Many years ago, I stepped off a plane from Iraq and onto the tarmac at Pope Airfield in Fort Bragg, NC. The scene was filled with open arms, cheers, the sound of muffled grunts of joy as weeping kids jumped into the arms of their parents, and spouses' soft cries of love and longing. The sounds of reunions were deafening as they bounced off the high walls of the hangar -- it was a sound that I welcomed, and remember to this day.
It was much quieter when I drove the short distance to my home in Fayetteville, NC. There was the normal hum of activity -- the low, distinct rubbery buzz of a bike tire against the new asphalt, faint bursts of children laughing, and the occasional crack of the bat from a game of street ball. Even the fall breeze sounded soft and quiet to me as it whipped through neat piles of leaves, faintly reminding me of the blowing sands on the desolate roads between south Iraq and Baghdad.
I could sense immediately that my experiences overseas would fill that silence with the haunts of war unless I found a way to get engaged, and get engaged quickly.
As the President announced the end to the war in Iraq, I wondered how many more veterans and military families will be coming home to face a similar scene. For many, their neighborhoods and communities will also be filled with a joyful, yet uneasy, silence – and plenty of space for the echoes of war.
Our communities must be ready to welcome our veterans and military families home with more than just open arms. The welcome must come with an opportunity. Just as important, those who have come home from war must reach back to help others assume a new mission as community leaders and national service champions.

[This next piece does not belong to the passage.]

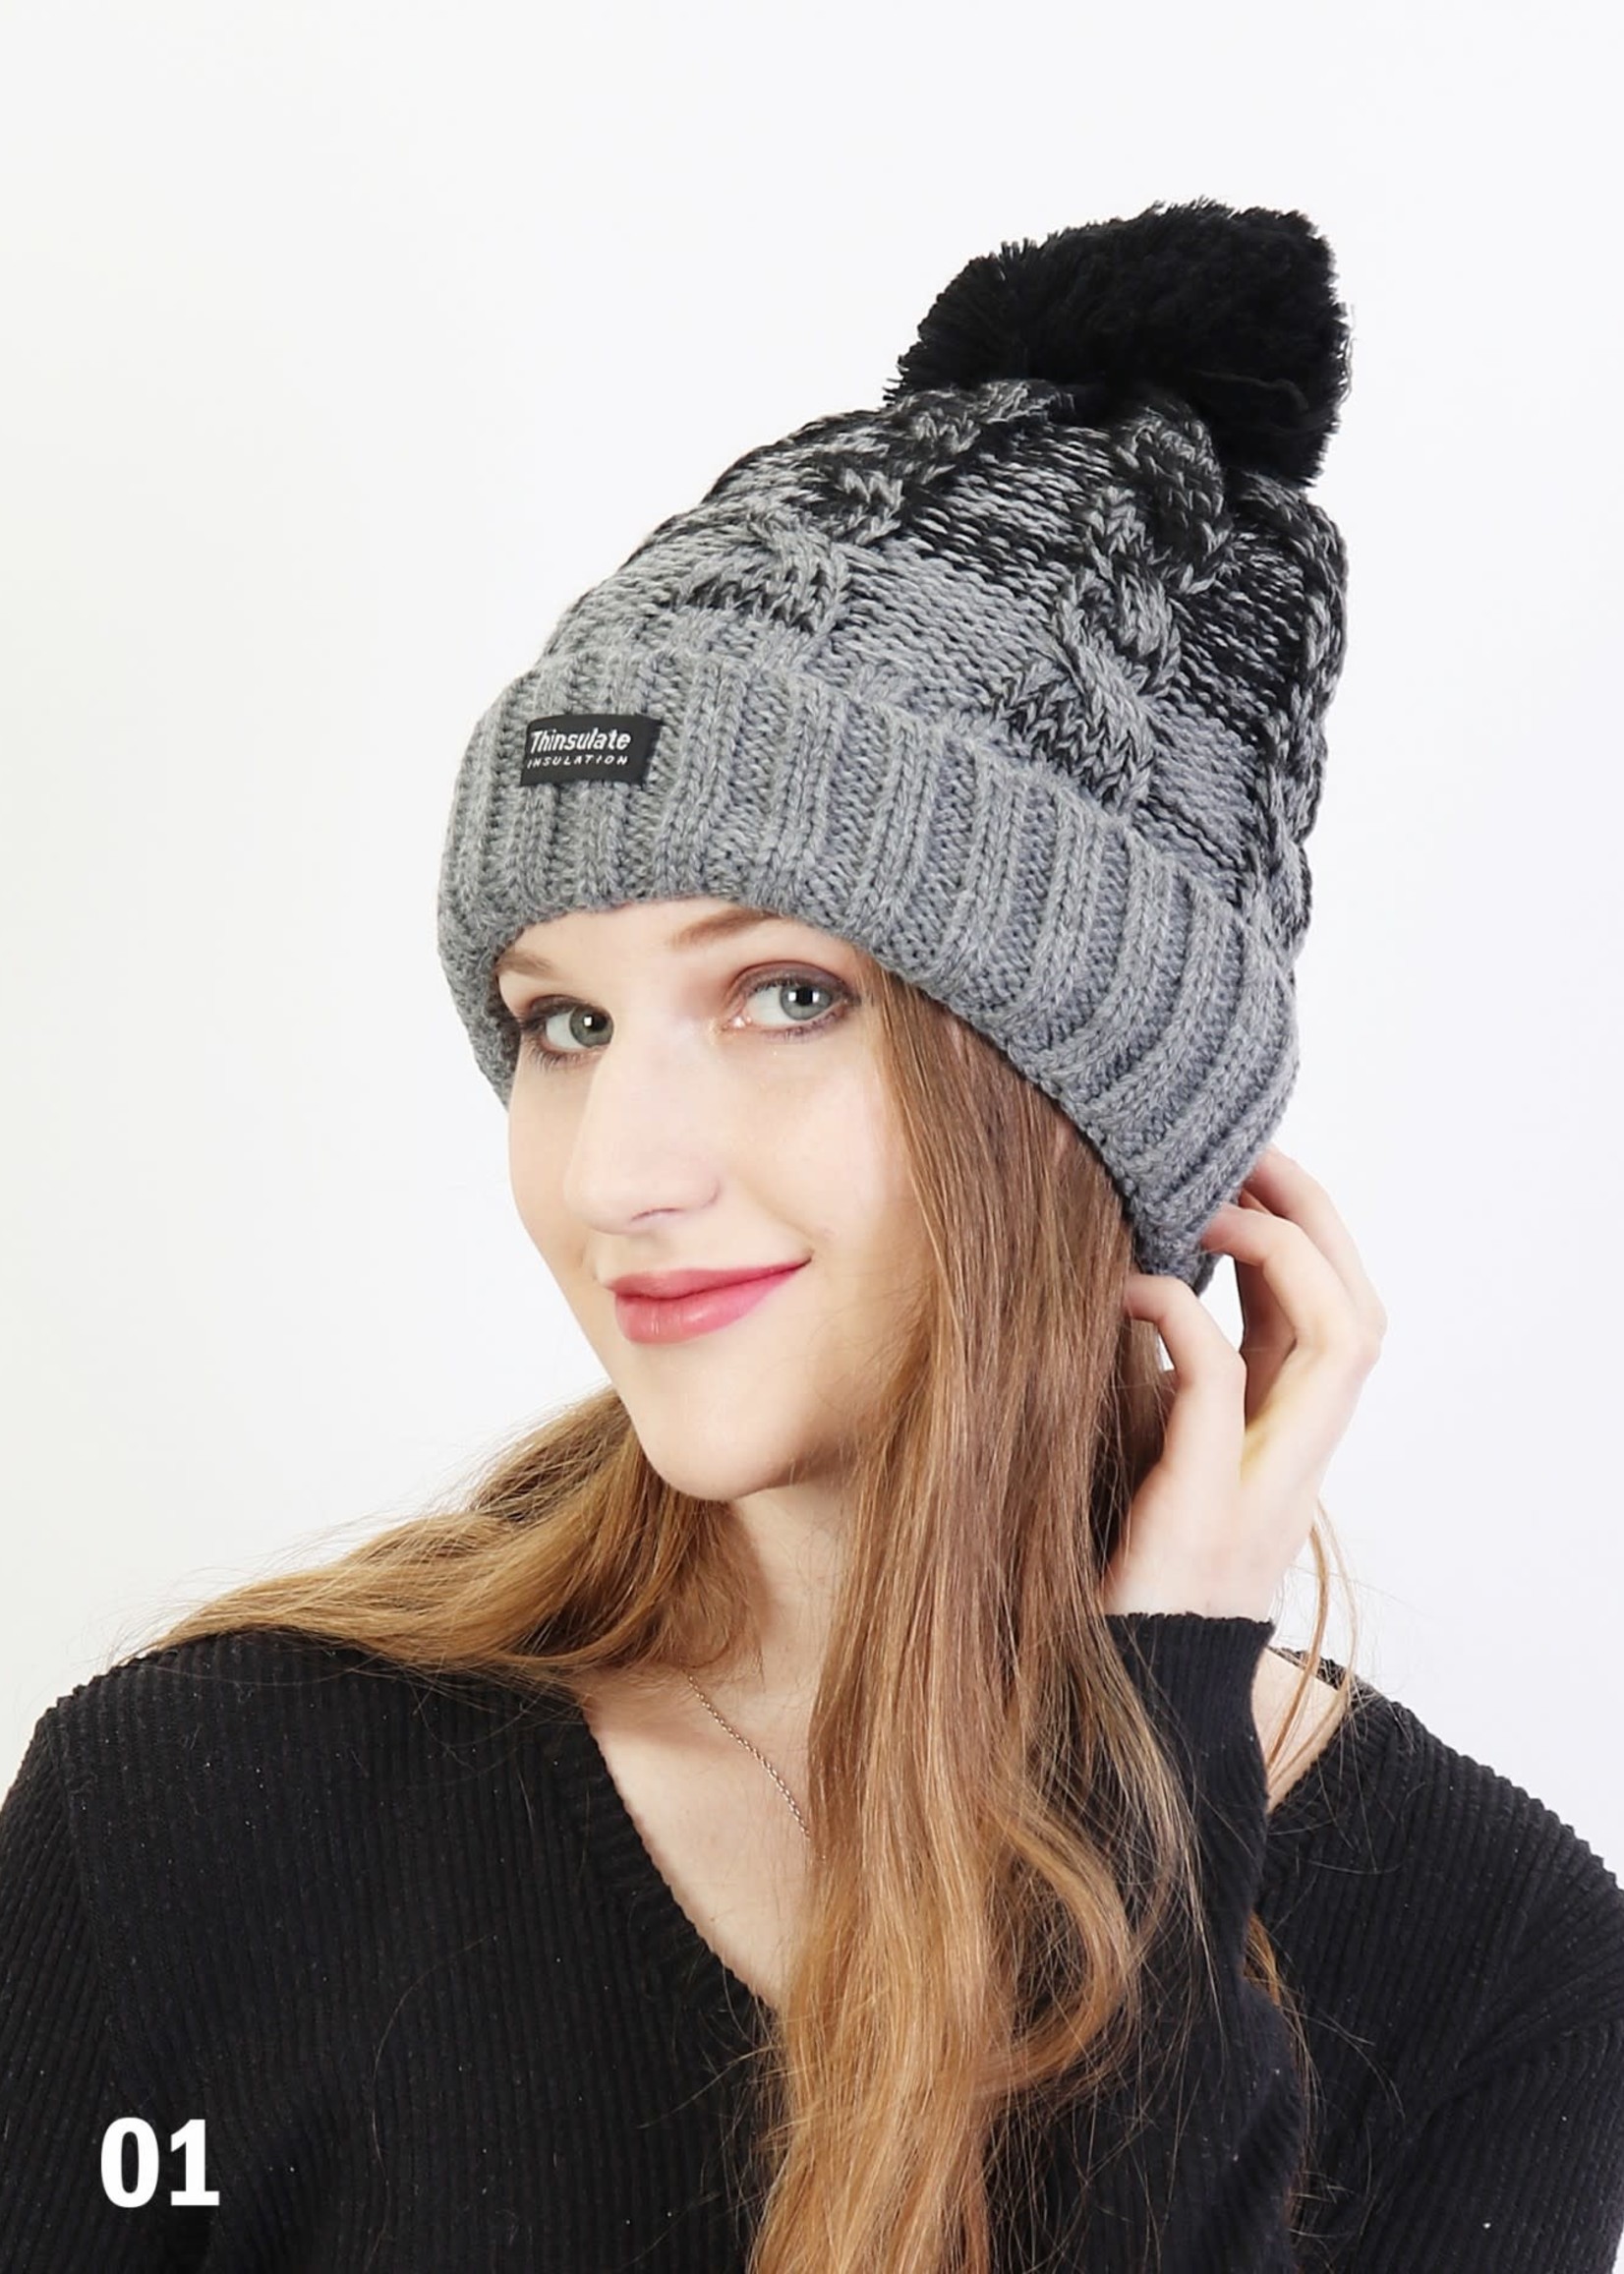 Cheri Bliss Two Tone Knitted Hat Black/Grey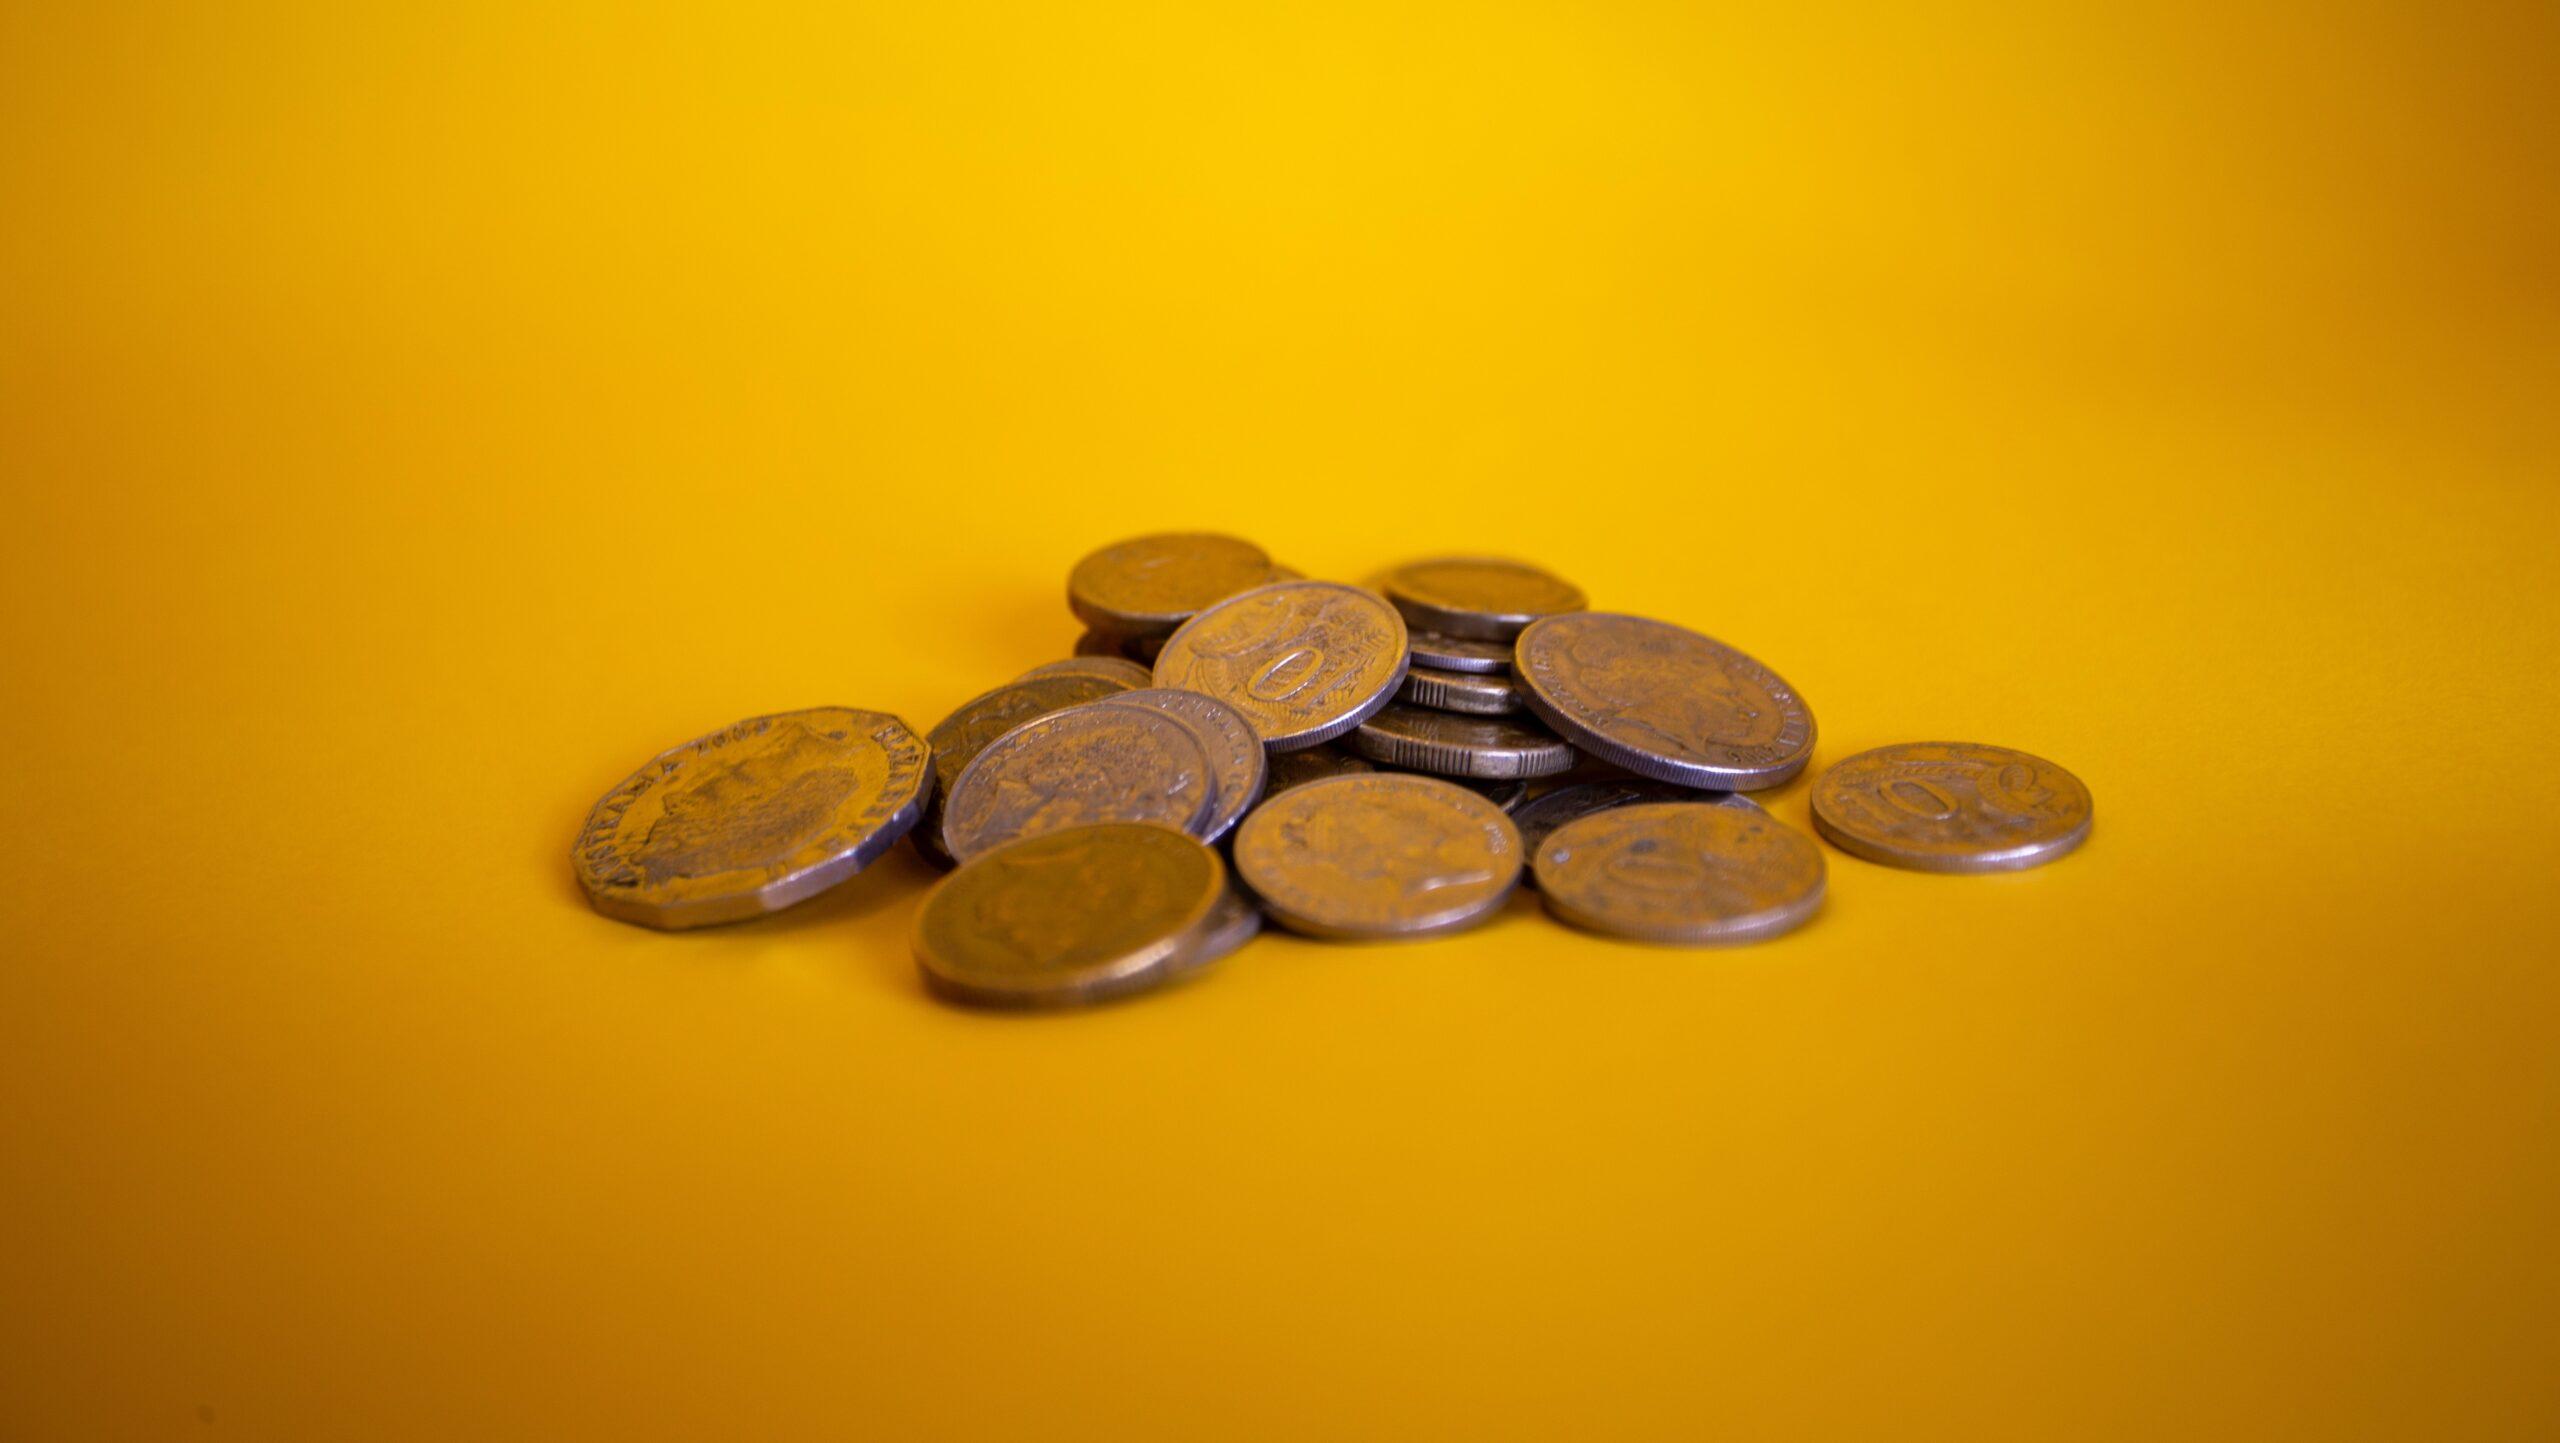 Australian coins in a pile against a yellow background.

The Corporation for National and Community Service (CNCS) and the national network of organizations it supports are making those connections happen and looking for leaders like the ones coming home right now. Here are just a few examples of how CNCS is connecting our service members and their families to national and community service:
- More than 16,000 veterans have served in AmeriCorps since its inception, helping other veterans and military families access benefits and services; obtain job training and conduct job searches; provide safe and affordable housing; and mentor and tutor children of service members.
- More than 500 Senior Corps projects and 8,000 volunteers serve at more than 700 Veterans Affairs facilities every year, assisting elderly and disabled veterans, helping military retirees acclimate to life after service, and transporting those in need of medical treatment.
- AmeriCorps National Civilian Community Corps (NCCC) has supported more than 50,000 veterans through service projects, special events, and disaster relief and recovery.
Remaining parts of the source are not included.